The following article is a re-post from the MercatorNet.org website and is by Michael Cook Jun 20 2017 Reads…
If there is anyone who could be called a patron saint of Dutch euthanasia, it is the psychiatrist Boudewijn Chabot. In 1991 he gave one of his patients, Mrs B, a lethal dose of medication. After accompanying her until she died he reported himself to the police and was subsequently tried. In 1993, the Supreme Court declare that he was guilty of assisting a suicide, but did not punish him and allowed him to keep practicing medicine.
Physically, there was nothing wrong with Mrs B. Nor did she have depression. But her personal life was tragic and Dr Chabot felt that she in a state of existential distress that she should be allowed to die. It was a landmark case in the steady advance towards legalisation in 2002.
That was 25 years ago. Now Dr Chabot looks back and is horrified. Writing in one of the leading Dutch newspapers, NRC Handelsblad, he says that legal safeguards for euthanasia are slowly eroding away and that the law no longer protects people with psychiatric condition and dementia.
The Dutch are complacent about their famous law, he says. But there is no room for complacency.
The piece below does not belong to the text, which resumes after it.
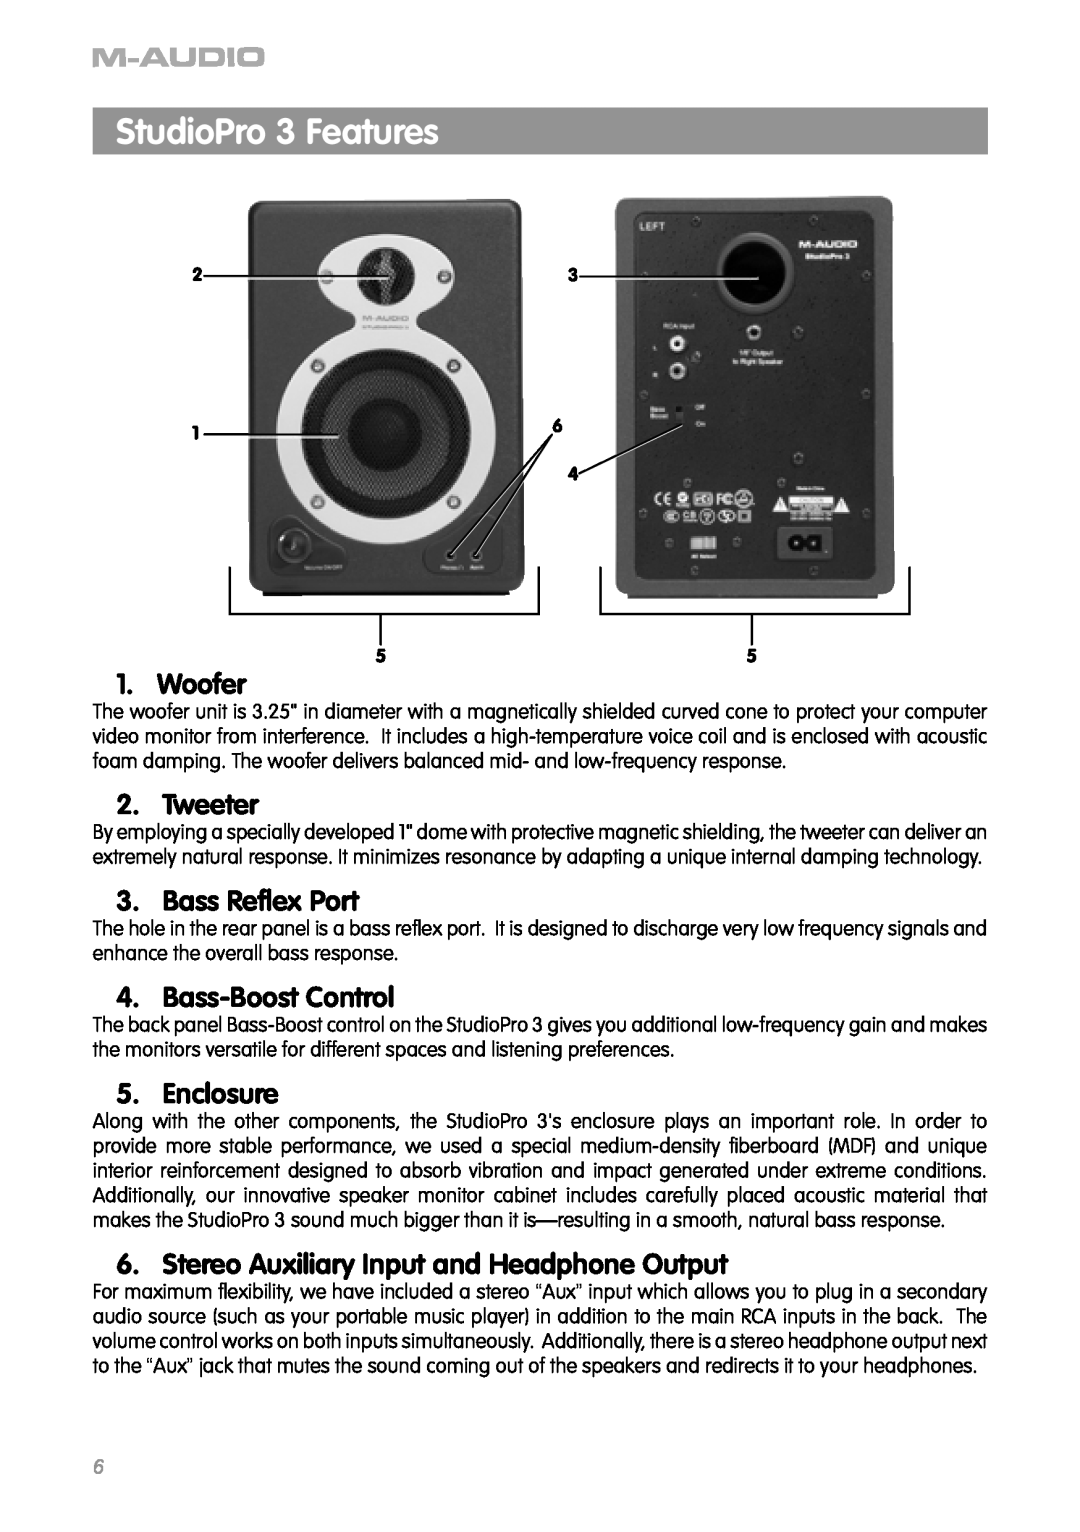 M-Audio manual StudioPro 3 Features, Woofer, Tweeter, Bass Reﬂex Port, Bass-BoostControl, Enclosure

Under current legislation, euthanasia is only legal if a doctor believes that three conditions have been met: (1) the request must be voluntary and deliberate; (2) there must be unbearable suffering with no hope of improvement; and (3) there must no reasonable alternative to euthanasia.
However, as euthanasia has sunk its roots deeper and deeper into Dutch medicine, the second and third conditions have shrivelled up. Patients define what is unbearable and they define what is a reasonable alternative. Unhappiness can be unbearable and a nursing home may not be a reasonable alternative. So, as one ethicist has observed, requirements (1) and (2) “add little to the requirement of a voluntary and thoughtful request”. Autonomy has trumped medicine. As a result, the number of euthanasia cases roughly tripled between 2007 and 2016, from 2000 to 6000.